2020-08-04 06:23:58,090 INFO worker-register-master-threadpool-2 org.apache.spark.deploy.worker.Worker: Sending master registration message: x.x.x.21:7077
2020-08-04 06:23:58,100 INFO dispatcher-event-loop-2 org.apache.spark.deploy.worker.Worker: Master has changed, new master is at spark://x.x.x.21:70772020-08-04 06:23:58,100 INFO dispatcher-event-loop-2 org.apache.spark.deploy.worker.Worker: WorkerWebUI is available at http://x.x.x.21:8080/proxy/worker-20200804061729-x.x.x.47-407092020-08-04 06:23:58,100 INFO dispatcher-event-loop-2 org.apache.spark.deploy.worker.Worker: Cancelling registration entries
2020-08-04 06:23:58,100 INFO dispatcher-event-loop-2 org.apache.spark.deploy.worker.Worker: Cancelling is done
2020-08-04 06:23:58,102 INFO dispatcher-event-loop-2 org.apache.spark.deploy.worker.Worker: MasterChanged: Sending master spark://x.x.x.21:7077my id worker-20200804061729-x.x.x.47-407092020-08-04 06:23:58,125 ERROR dispatcher-event-loop-1 org.apache.spark.deploy.worker.Worker: Worker registration failed: Duplicate worker ID
2020-08-04 06:23:58,129 INFO shutdown-hook-0 org.apache.spark.deploy.worker.ExecutorRunner: Killing process!
Logs from the master:
2020-08-04 06:23:57,635 INFO dispatcher-event-loop-1-EventThread org.apache.spark.deploy.master.ZooKeeperLeaderElectionAgent: We have gained leadership
2020-08-04 06:23:57,787 INFO dispatcher-event-loop-1 org.apache.spark.deploy.master.Master: I have been elected leader! New state: RECOVERING
..
2020-08-04 06:23:57,870 INFO dispatcher-event-loop-1 org.apache.spark.deploy.master.Master: Trying to recover worker from the list of the workers I know: worker-20200804061729-x.x.x.47-40709
2020-08-04 06:23:57,870 INFO dispatcher-event-loop-1 org.apache.spark.deploy.master.Master: registerWorker: Added worker x.x.x.47, worker-20200804061729-x.x.x.47-40709 to list of idToWorker
..
2020-08-04 06:23:58,119 INFO dispatcher-event-loop-0 org.apache.spark.deploy.master.Master: Registering worker x.x.x.47:40709 with 4 cores, 14.7 GB RAM
2020-08-04 06:23:58,120 INFO dispatcher-event-loop-0 org.apache.spark.deploy.master.Master: Worker x.x.x.47:40709 is already in the list of known worker, sending error 'Duplicate worker ID', id worker-20200804061729-x.x.x.47-40709
2020-08-04 06:23:58,130 INFO dispatcher-event-loop-1 org.apache.spark.deploy.master.Master: Worker has been re-registered: worker-20200804061729-x.x.x.47-40709
2020-08-04 06:23:58,141 INFO dispatcher-event-loop-1 org.apache.spark.deploy.master.Master: Recovery complete - resuming operations!
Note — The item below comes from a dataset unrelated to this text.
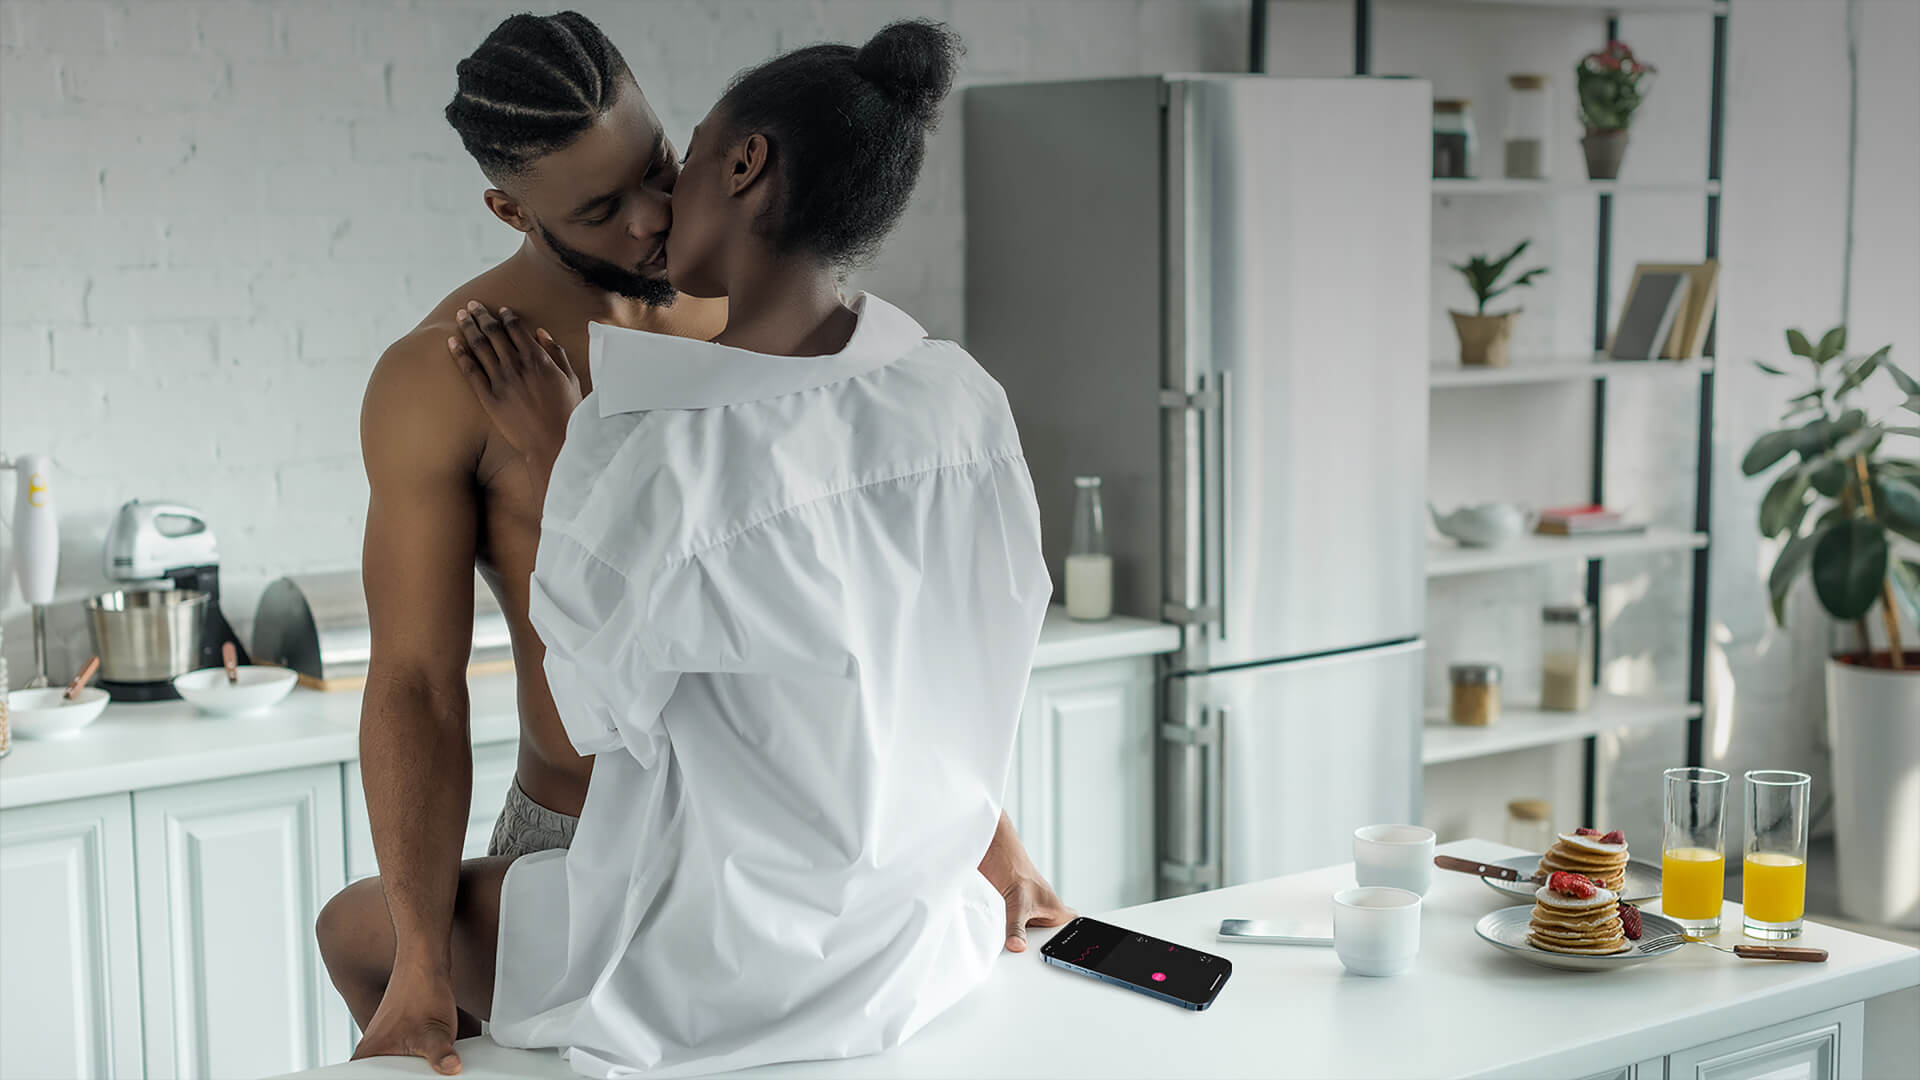 lovense ferri - прелюдия на кухне - голый мужчина целуется с женщиной в белой рубашке, а его левая рука контролирует ее ferri в приложении lovense remote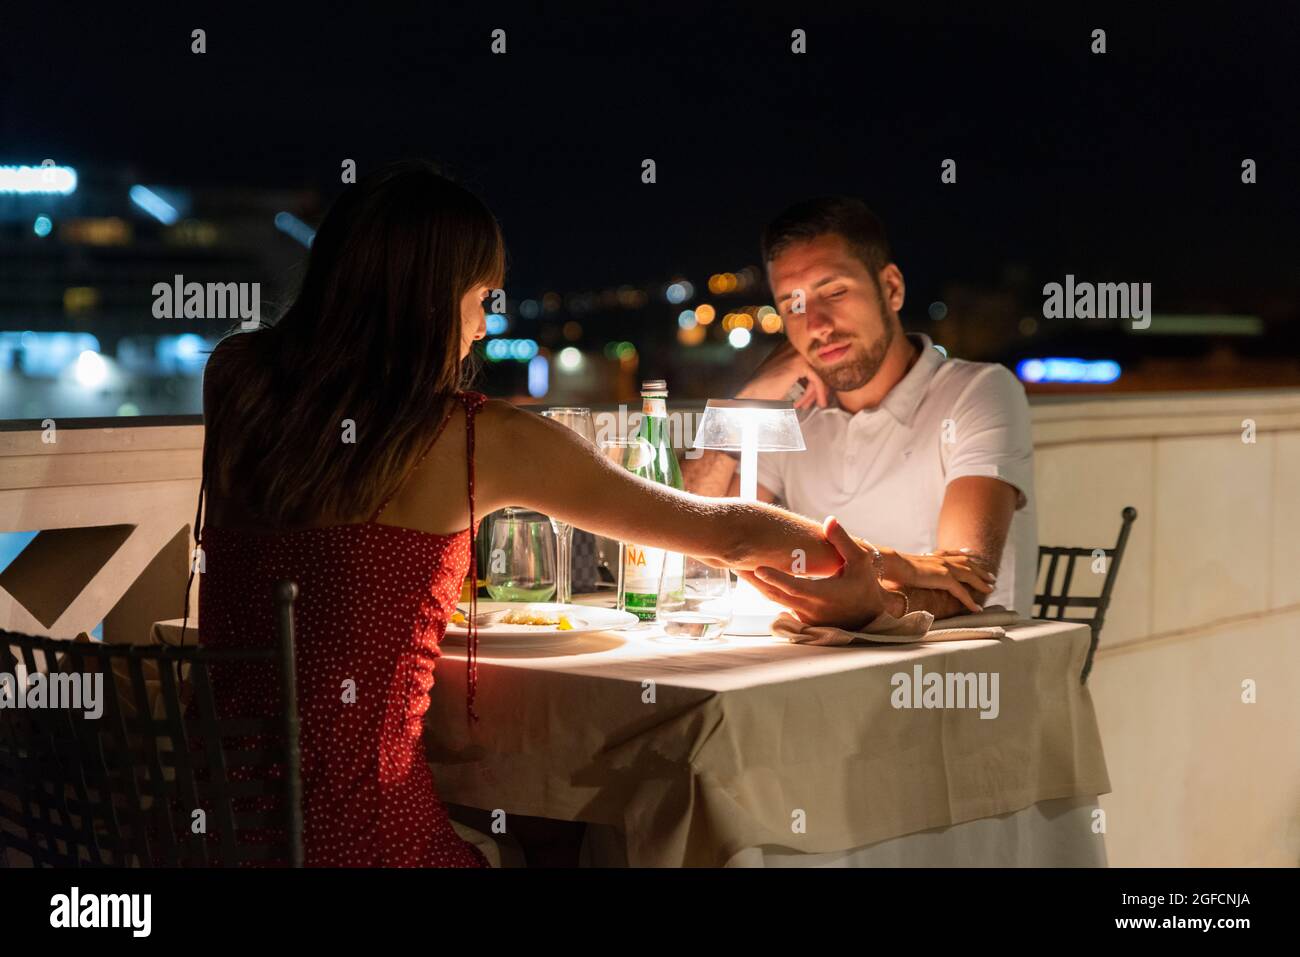 un dîner romantique, cena romantica Banque D'Images

> Worker registration failed: Duplicate worker ID
> -----------------------------------------------
>
>                 Key: SPARK-16190
>                 URL: https://issues.apache.org/jira/browse/SPARK-16190
>             Project: Spark
>          Issue Type: Bug
>          Components: Scheduler, Spark Core
>    Affects Versions: 1.6.1
>            Reporter: Thomas Huang
>            Priority: Minor
>         Attachments: spark-mqq-org.apache.spark.deploy.worker.Worker-1-slave19.out, spark-mqq-org.apache.spark.deploy.worker.Worker-1-slave2.out, spark-mqq-org.apache.spark.deploy.worker.Worker-1-slave7.out, spark-mqq-org.apache.spark.deploy.worker.Worker-1-slave8.out
>
>
> Several worker crashed simultaneously due to this error: 
> Worker registration failed: Duplicate worker ID
> This is the worker log on one of those crashed workers:
> 16/06/24 16:28:53 INFO ExecutorRunner: Killing process!
> 16/06/24 16:28:53 INFO ExecutorRunner: Runner thread for executor app-20160624003013-0442/26 interrupted
> 16/06/24 16:28:53 INFO ExecutorRunner: Killing process!
> 16/06/24 16:29:03 WARN ExecutorRunner: Failed to terminate process: java.lang.UNIXProcess@31340137. This process will likely be orphaned.
> 16/06/24 16:29:03 WARN ExecutorRunner: Failed to terminate process: java.lang.UNIXProcess@4d3bdb1d. This process will likely be orphaned.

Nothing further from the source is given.